Ramos chuckled. "Oh-God disdains subtlety."
"Subtlety’s fine, it’s police I hate," the Freep corrected her. "Not cuz I’ve done anything wrong," he added quickly. "Just on general principles. Always coming up with rules and regulations to hamper an honest businessman." He jinked the skimmer up over a rock outcrop, then bellied it down again close to the dirt.
Something scraped loudly against the lower fuselage. "Sorry," he mumbled. "Hands are cold tonight."
"Then warm them up!" Ramos growled. "What’s the point of stealth equipment if you make noise hitting things?" She gave me a "See what I have to put up with?" look. "Officially," she told me, "Oh-God is a hunting guide. That’s why he needs all these gadgets for skulking. In case your local deer ever develop radar."
"You never know," Oh-God said. "Demoth’s already got beasties with sonar."
Ramos smiled. "If you get dragged in front of a judge, you stick with that story." She turned back to me. "Unofficially, Oh-God does a lot of things I don’t want to know about. But he survived fifty years as an Explorer, and he’s still loyal to the Corps. Whenever something noteworthy happens on Demoth, he passes on a report which eventually lands on my desk. That’s why I came here in the first place — I’m interested in political assassinations. All those proctors getting killed."
"What does that have to do with Explorers?" I asked.
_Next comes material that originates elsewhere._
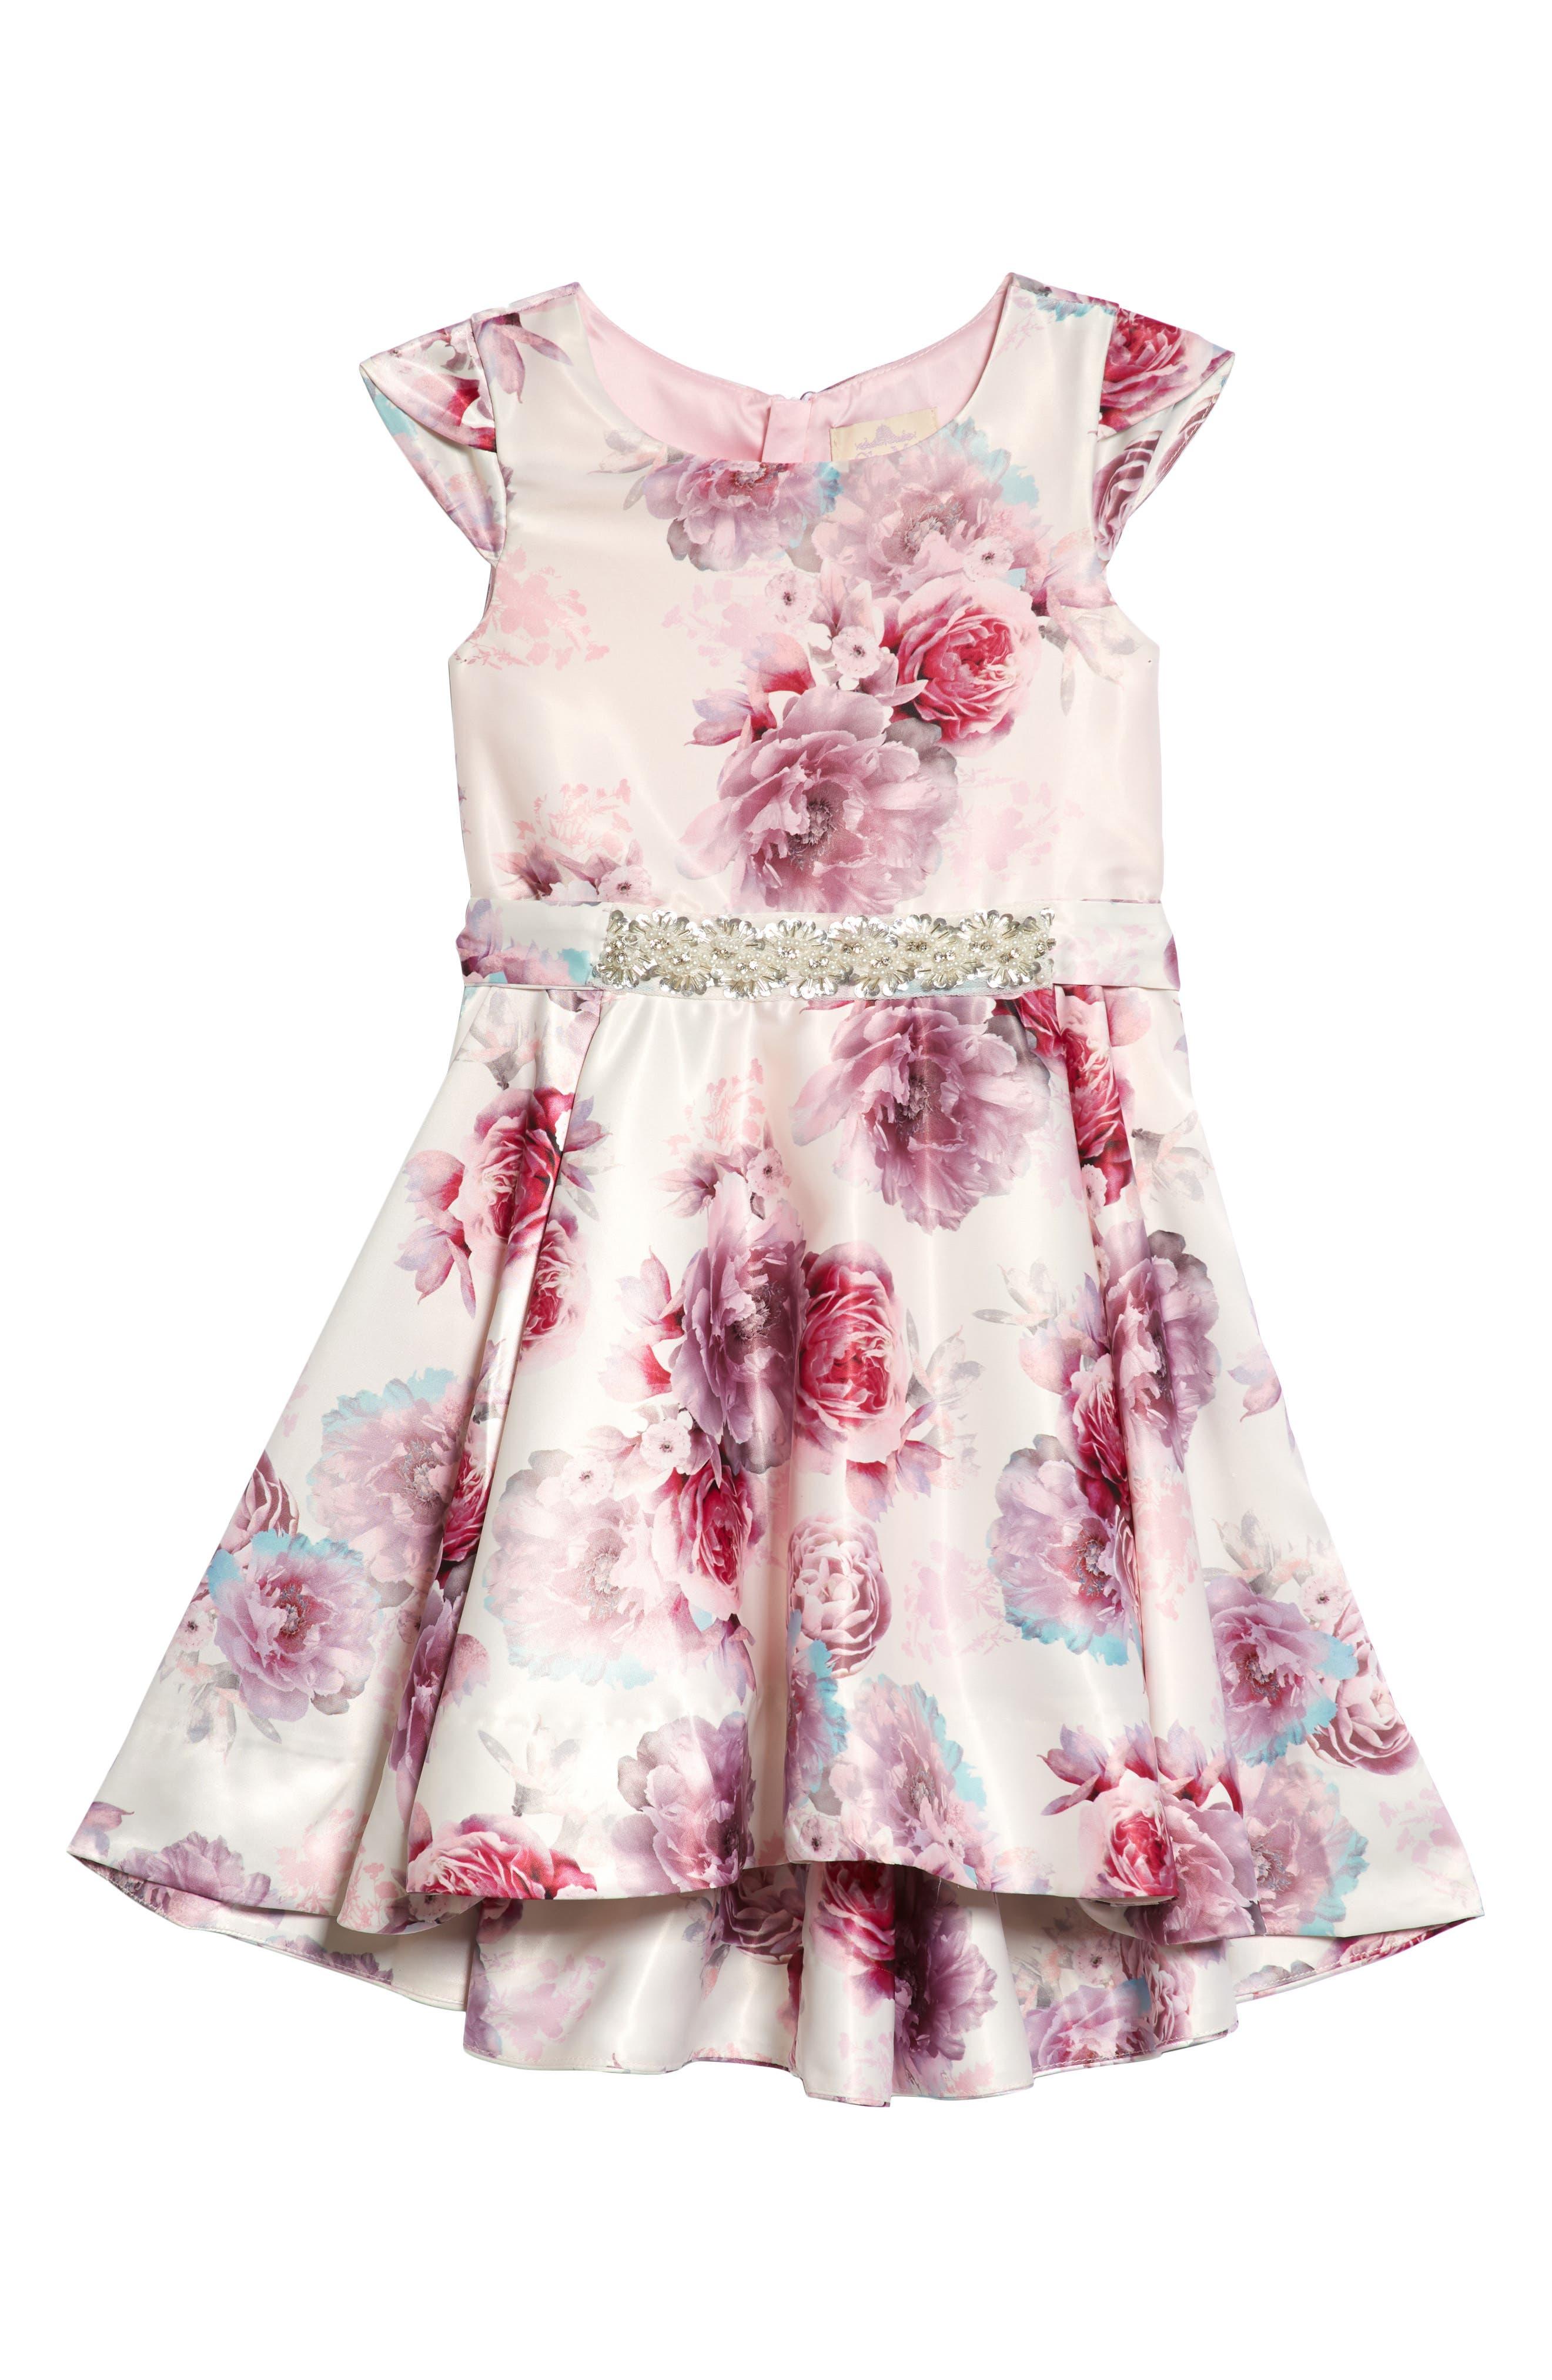 Ana Embellished Floral Dress,                             Main thumbnail 1, color,                             600

It was getting easier to speak, even though the words still sounded too thick.
"Nothing directly," Ramos answered. "But if the killings were just the start of a bigger mess, someone in the Admiralty ought to be interested."
"Like the dipshits?" I asked.
"Those pukes," Oh-God said. He jerked the skimmer sharply to the right, not to avoid an obstacle but just for emphasis. He was the worst kind of driver: someone who talks with his hands. "You gotta recognize the difference between the High Council of Admirals — the inner circle who run the dipshits — and our Festina here. She may wear a gray uniform, but she’s not a real admiral."
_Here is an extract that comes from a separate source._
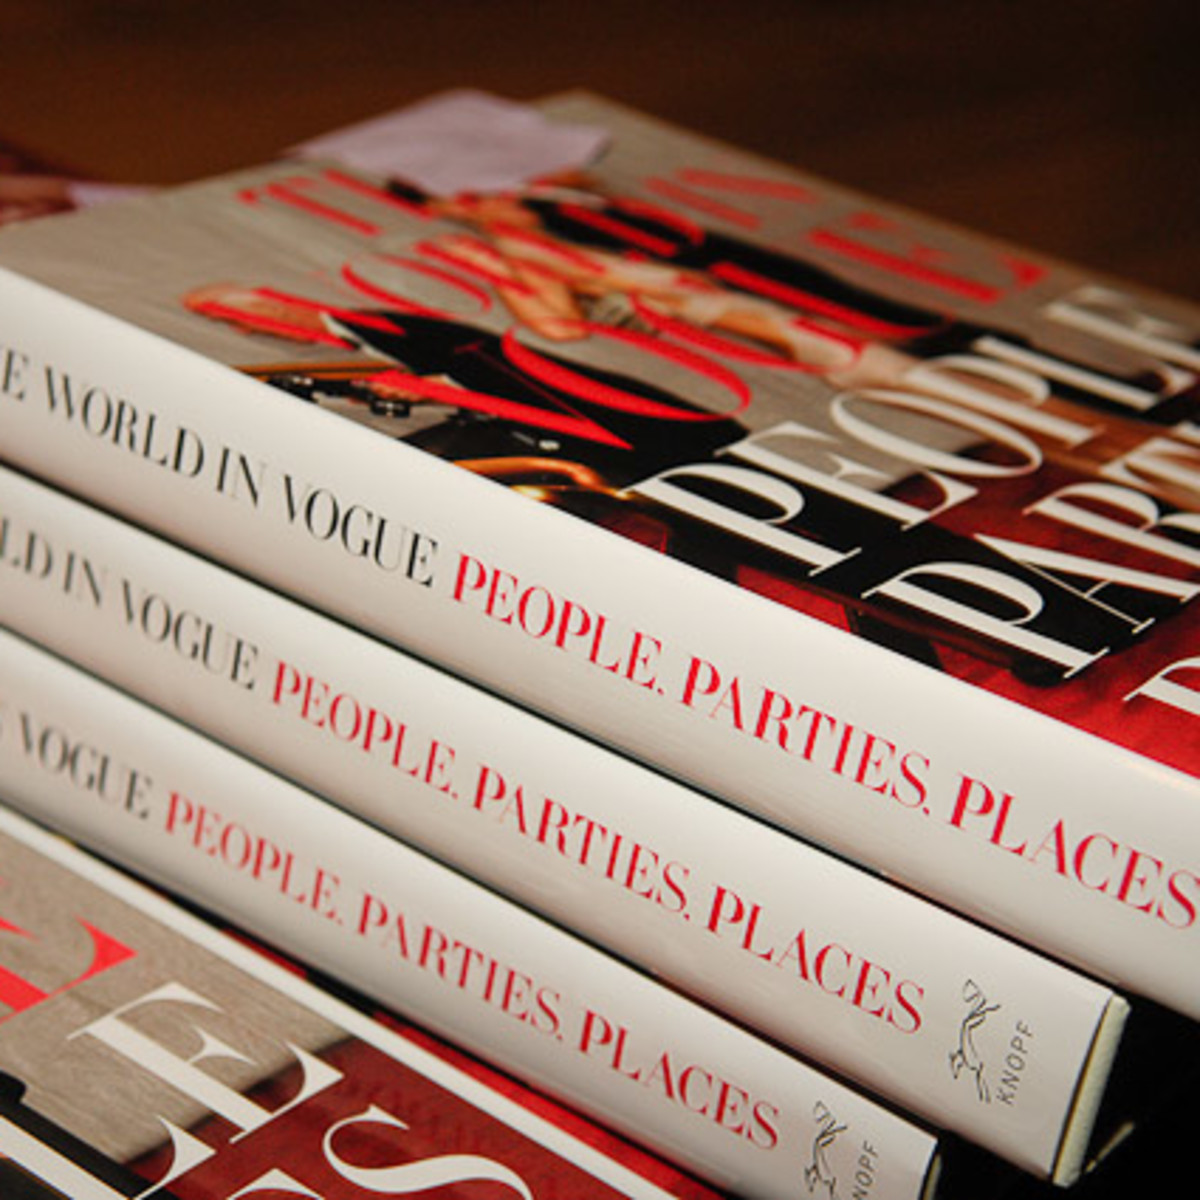 News_Vogue at Becca_Feb. 2010_books

"Thanks so much," Ramos told him.
"It’s true," Oh-God insisted. "Who ever heard of a lieutenant admiral? They jury-rigged that title just for you." He turned to me, both hands off the controls. "See, she got the council in hot water with the League of Peoples…"
"Do you mind?" Ramos said, shoving his hands back toward the steering yoke. "We’re in the middle of a heroic rescue here. It’ll look bad if we wrap Faye around a tree."
"Won’t look bad," Oh-God muttered. "The antidetection nanites’ll automatically camouflage the crash site. Won’t see nothing at all."
"That’s not comforting!" Ramos snapped. She glanced at me. "We should be clear of the dipshits’ jamming field by now. Do you want to call the police?"